Ditching the Shampoo Bottle for a Shampoo Bar

When I first started getting interested in clean beauty and began working to swap out chemically-laden products and single-use plastic products in favor of more sustainable options, I have to admit I had a bit of a rough time. One of the most difficult parts was giving up a few favorite products that I loved but knew probably weren’t so friendly towards the environment or my skin and hair. 

One such clean beauty product that I side-eyed with suspicion for quite some time was a shampoo bar. I have really thick hair, and something about rigorously working a bar through my hair to suds it up– a task that actually took me a while even with cream-based shampoos– sounded frustrating and futile. It wasn’t until I noticed a friend of mine’s hair effortlessly bouncing and emitting shine one afternoon (which she attributed to an affordable shampoo bar), coupled with the frequent trips to my hair salon to buy my beloved but pricey Davines shampoo that I decided it was time to give the shampoo bar a go.

Woman washing her hair

I waited until I finished my current bottle of shampoo, and, after draining it of its contents, I did some research on which bar would be best for my hair. As mentioned, my hair is thick, dry, wavy and a little on the course side so I wanted something that would be rich and conditioning, but I was skeptical I wouldn’t be able to find something in bar form that would cater to my thirsty hair. 

I landed on a bar from my favorite low-waste shop in LA, and was warned by my aforementioned light and bouncy-haired friend that a shampoo bar generally takes some getting used to. During my first wash I felt like I had no idea what I was doing and wasn’t sure if my hair was getting clean at all. I worked the bar through my hair, attempting to create some suds and while it foamed slightly, I hopped out of the shower to check a mirror and noticed it didn’t have that thick, soapy foam that develops in your hair from traditional shampoos. Instead, it just looked like wet hair, but with a little bit of product in it. I washed it out and gave myself a pat on the back for at least trying to make positive changes in my life and for our planet.


The next day, my hair looked like there was indeed more life to it, but it was a little bit tangled and impossible to run my fingers through. A couple of days later I did my second wash, but brushed out my hair first with an eco-friendly brush made of ash wood so that I could really work the bar through it in the shower. Afterwards I towel dried my hair with my oft-used Turkish cotton waffle bath towel. I also followed up with a small amount of Leave-in Conditioner by one of my favorite clean hair care brands, OUAI.  Much to my hair’s delight, getting my hair clean and detangled was WAY easier than the first time, and I felt like I had more of a strategy for working it through my locks than I did during the first go round.
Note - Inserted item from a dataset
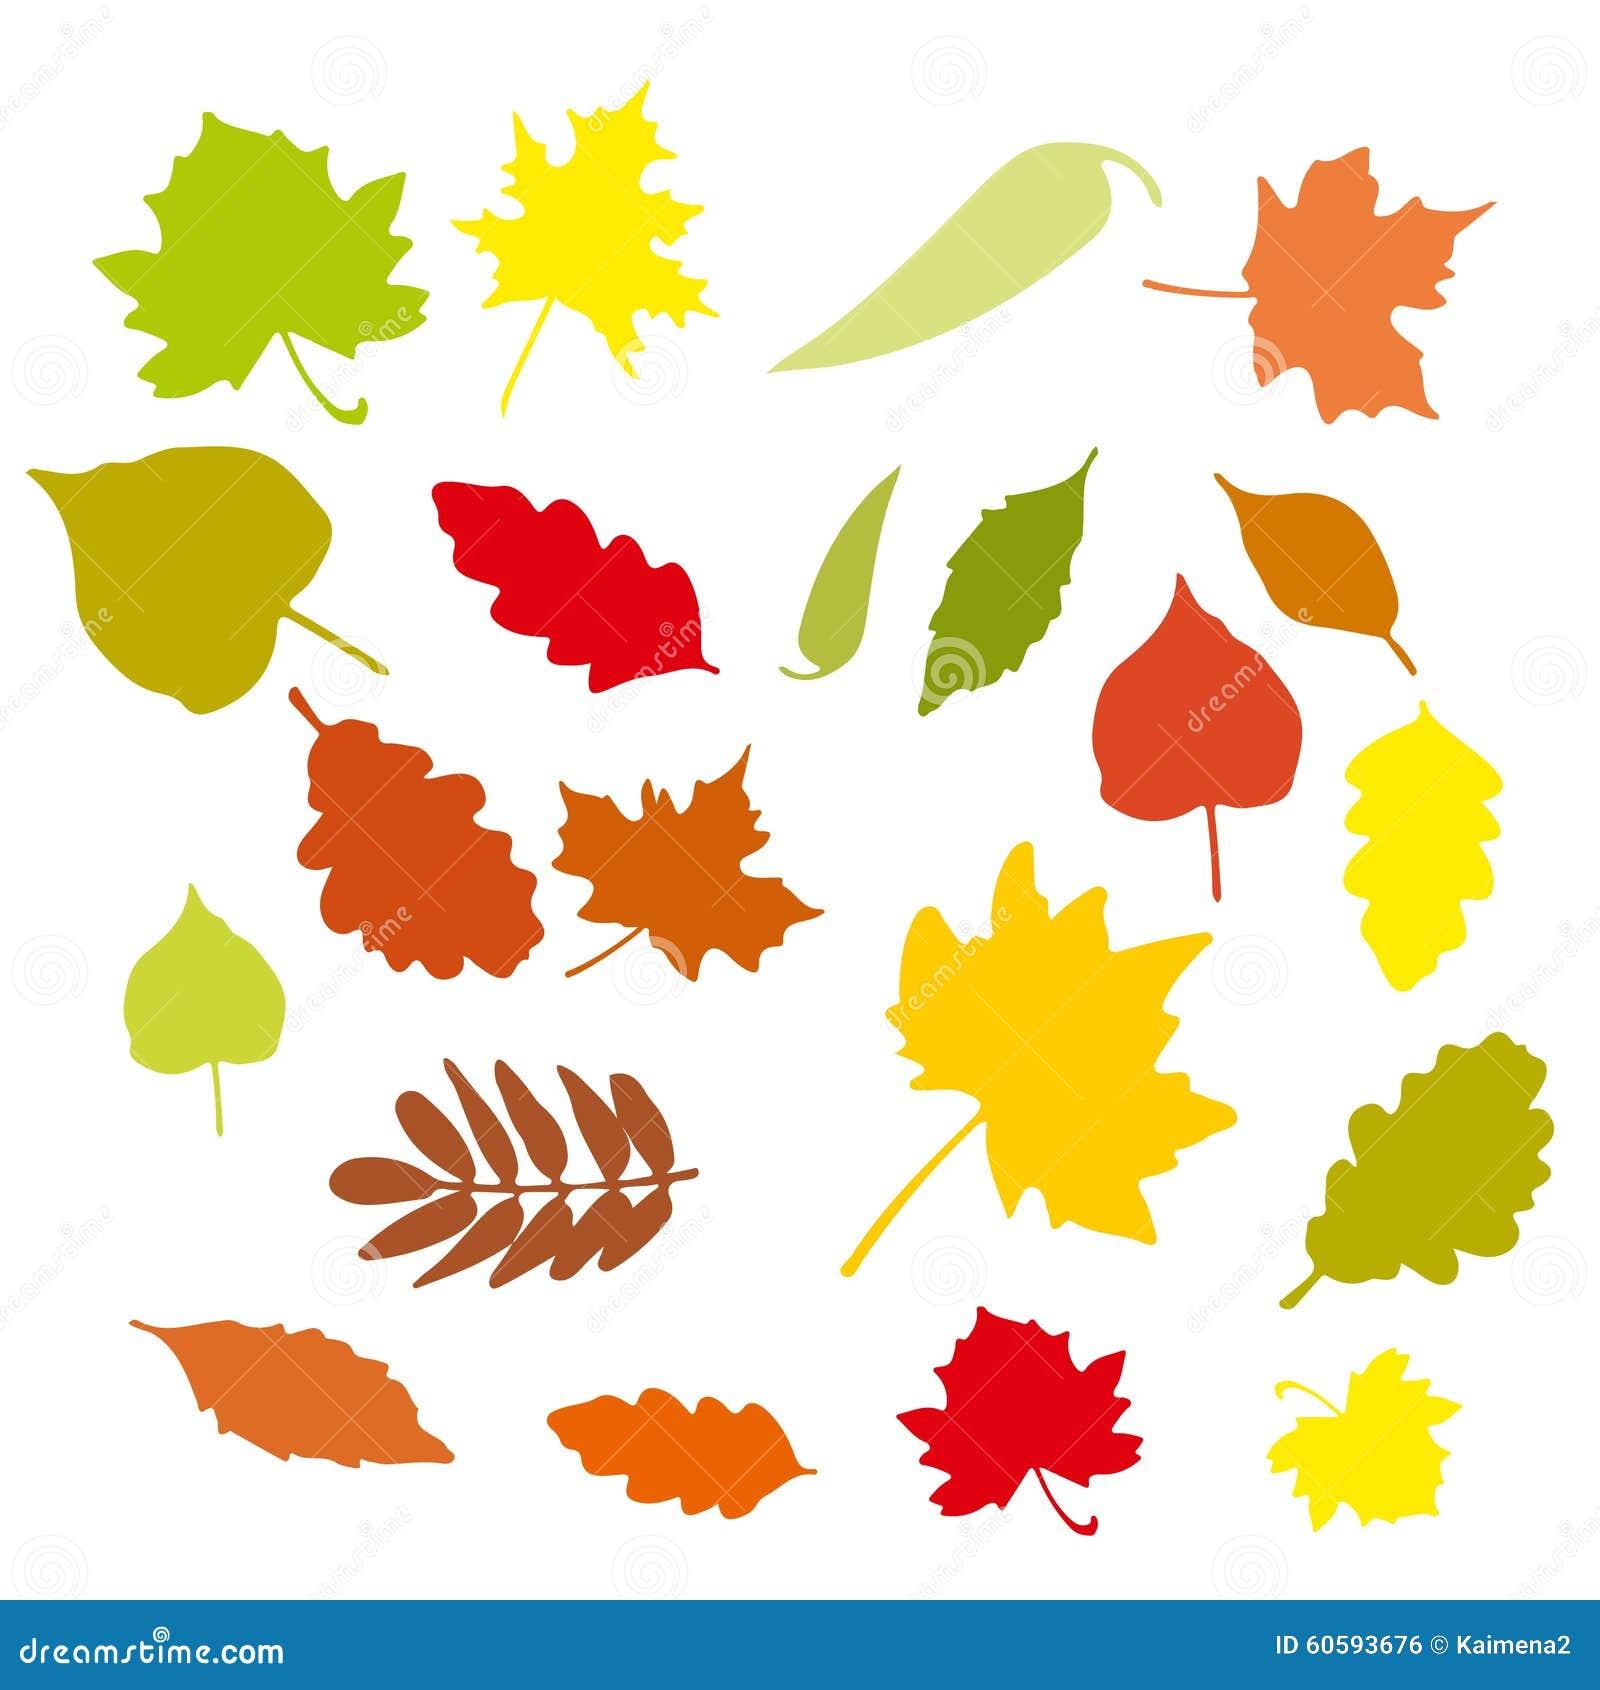 Set Of Colorful Cartoon Autumn Leaves. Vector Illustration

When I woke up the next day, I immediately texted my friend to tell her that the bar actually worked. My hair felt bouncy, easy to run my fingers through, clean but not stripped, and not weighed down or limp like other traditional shampoos I’d used in the past. The downsides I experienced while using a shampoo bar is that it’s harder for people with dry and frizzy hair like myself because the hair tangles more easily after washing. The other con I discovered was that because shampoo bars have a more waxy and bar soap-like consistency, the soap can stick around in your hair and create some buildup around the scalp. This can be avoided by rinsing with apple cider vinegar from time to time!

I continued using the bar for another two weeks and my hair continued to maintain a weightless bounce and just an overall healthier feel. I felt like I had officially become a shampoo bar convert and was happy to know that I was no longer contributing to the nearly 55 million bottles of shampoo that can end up in landfills each year.


One of the major reasons why clean shampoo bars are great, aside from the fact that they aren’t bottled in plastic and last way longer than regular shampoo, is because the majority of all shampoo bars are made free of additives and are mostly comprised of all-natural ingredients like apple cider vinegar, avocado oil, and castor oil to name a few. They’re known to clarify hair that’s suffered from a lot of residue build-up caused by chemicals found in traditional shampoos and conditioners and restore it back to voluminous, resilient hair. 

If your hair tends to run on the greasier side we recommend going for a bar like this one from Chagrin Valley, which is made from cold-pressed apple juice, chamomile flowers, and citrus-based essential oils and Kaolin clay to tame oily scalps or hair that gets greasy easily. 

If you’re like me and you can stick a glob of conditioner in your hair and it’s magically absorbed within moments, opt for a cold-processed shampoo bar which is usually made of natural oils meant to deeply condition hair. We love this shampoo bar by Unwrapped Life, which is made of colloidal oatmeal, amla juniper oil, and palmarosa to give major hydration and aid in scalp dryness. 

If you have processed hair that’s been chemically treated for many years, Christophe Robin’s shampoo bar is a must-try. Made with aloe vera and castor oil and free of sulfates and parabens, this bar easily cleanses and hydrates hair that’s been color treated or damaged over time. Overall, choosing a shampoo bar is a game of trial and error. If you have trouble at first– don’t give up! After a few weeks, you might just become a shampoo bar convert yourself.